MPs are formed by the outward blebbing of the plasma membrane and are subsequently released as small phospholipid vesicles after proteolytic cleavage of the cytoskeleton.40,42 There is selective packaging of surface proteins into MPs,40 including TF12,21,45 and adhesion molecules.46,47 MPs are procoagulant because of the presence of TF2,12 and the exposure of negatively charged phospholipids, such as phosphatidylserine (PS).48 The negatively charged surface facilitates the assembly of positively charged coagulation protein complexes.13,46,49
Methods for the quantification of MPs
Several methods have been used for the quantification of TF-positive MPs in human plasma, including antigen- and activity-based assays.50,51 We believe that functional assays are the best way to measure TF in MPs because they are the most sensitive methods for detecting very low levels of active TF in plasma. In addition, the specificity of some TF antigen-based assays has been questioned.52-54 One study failed to observe a correlation between MP TF activity and 2 antigen-based assays (flow cytometry and a commercial TF enzyme-linked immunosorbent assay).55 In contrast, our laboratory found a strong correlation between MP TF activity and plasma TF protein levels using an “in-house” human TF enzyme-linked immunosorbent assay.56 Several functional assays have been developed that measure TF activity in isolated MPs, using either a single-stage clotting assay or a 2-stage factor Xa generation assay in the presence or absence of an inhibitory anti-TF antibody.55-59 Thaler and colleagues measured levels of MP TF activity in patients with cancer, and found a good correlation between 2 assays.60 We observed comparable levels of TF activity in MPs isolated from lipopolysaccharide-stimulated human whole blood, using 2 centrifugation speeds (either 20 000 × g for 20 minutes [primarily MPs] or 100 000 × g for 1 hour [MPs and exosomes]), suggesting that the majority of vesicle TF is on MPs.59
Light-scatter flow cytometry is the most commonly used method for the quantification of MPs in clinical samples.61 Several studies have used flow cytometry to detect TF-positive MPs in patients with cancer.55,62,63 However, the low sensitivity of flow cytometry makes it difficult to reliably detect the low levels of TF-positive MPs in clinical samples. A recent publication reported that the level of TF-positive MPs measured using a functional MP TF activity assay correlated with the development of VTE in patients with cancer, whereas no correlation was found using flow cytometry to measure TF-positive MPs.64 Interestingly, we failed to detect TF-positive MPs by flow cytometry in samples from LPS-treated whole blood that had high levels of MP TF activity.59 Impedance-based flow cytometry is an alternative method for measuring levels of TF-positive MPs65 ; it has been used to detect TF-positive MPs in plasma from patients with cancer.66,67
TF-positive MPs in animal studies
Animal studies have found that TMPs are released from a variety of tumors in vivo.23,53,68 An early study found that guinea pigs bearing hepatocarcinoma tumors had increased procoagulant activity in cell-free ascites fluid that could be pelleted by ultracentrifugation.
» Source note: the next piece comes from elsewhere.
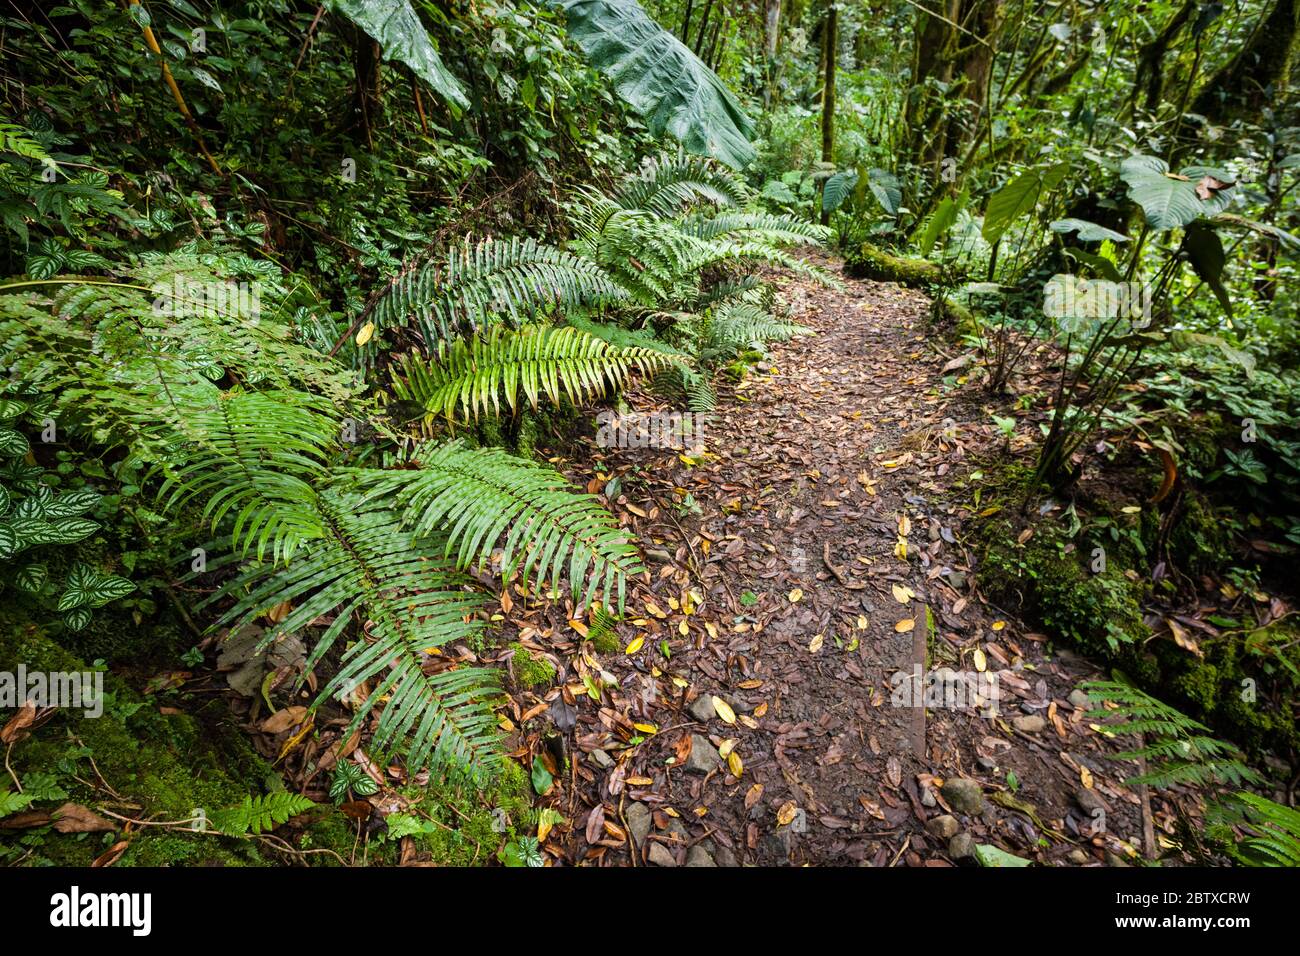 Végétation luxuriante et sentier de randonnée dans le sous-étage de la forêt tropicale du parc national de la Amistad, province de Chiriqui, République du Panama. Banque D'Images

The presence of membrane vesicles less than 1 µm in size in this pellet was confirmed by electron microscopy.23 The procoagulant activity of the MPs released from these tumor cells in vitro was later determined to be TF-dependent.24 A more recent study found that severe combined immune deficiency mice bearing TF-expressing human colorectal tumors had increased levels of tumor-derived human TF protein in plasma.68 Further, circulating TF levels correlated with the size of the tumor in these mice.68 Circulating TF-positive TMPs have also been found to be associated with the activation of coagulation in mice.21,41,53 Specifically, increased circulating levels of human TF protein in nude mice bearing orthotopic human pancreatic tumors was associated with activation of coagulation, as monitored by plasma levels of thrombin-antithrombin (TAT) complex.21 In vitro studies showed that the plasma from tumor-bearing nude mice generated increased thrombin compared with control plasma and that this increase could be inhibited by an anti-human TF monoclonal antibody.21 A similar elevation in plasma TAT complex levels was seen in severe combined immune deficiency mice bearing TF-positive tumors formed by the human squamous cell carcinoma cell line A431.41 We found that inhibition of human TF with a species-specific monoclonal antibody reduced TAT levels in nude mice bearing an orthotopic tumor derived from human pancreatic adenocarcinoma cell line HPAF-II.53 However, the relative contribution of TF expression by the TMPs and that of the tumor cells themselves to the activation of coagulation could not be determined.53
Several studies have also shown that TMPs enhance the development of thrombosis in mice in vivo. Thomas and colleagues found that both endogenously generated and exogenously injected PANC02 TMPs, but not tumor cells, accumulated at the site of ferric chloride–induced mesenteric vessel injury and laser-induced cremaster arteriole injury.69 In addition, accumulation of endogenous TF-positive TMPs in these orthotopic PANC02 pancreatic tumor–bearing mice was shown to be P-selectin-dependent. Interestingly, this study found that both human and mouse pancreatic cell lines expressed P-selectin glycoprotein ligand 1.69 In contrast, we did not detect P-selectin glycoprotein ligand 1 expression by 4 different human pancreatic cell lines but found that they bound to an immobilized P-selectin-IgG chimera, which indicated that they expressed a P-selectin ligand (J.-G. Wang and N. Mackman, unpublished data, 2012). Injected exogenous TMPs enhanced thrombosis, and this enhancement was abolished with an anti-P-selectin antibody.69 We found that mice bearing human pancreatic tumors had increased thrombosis compared with control mice in a ferric chloride saphenous vein model.53 However, as discussed previously, this is not the best model for studying venous thrombosis.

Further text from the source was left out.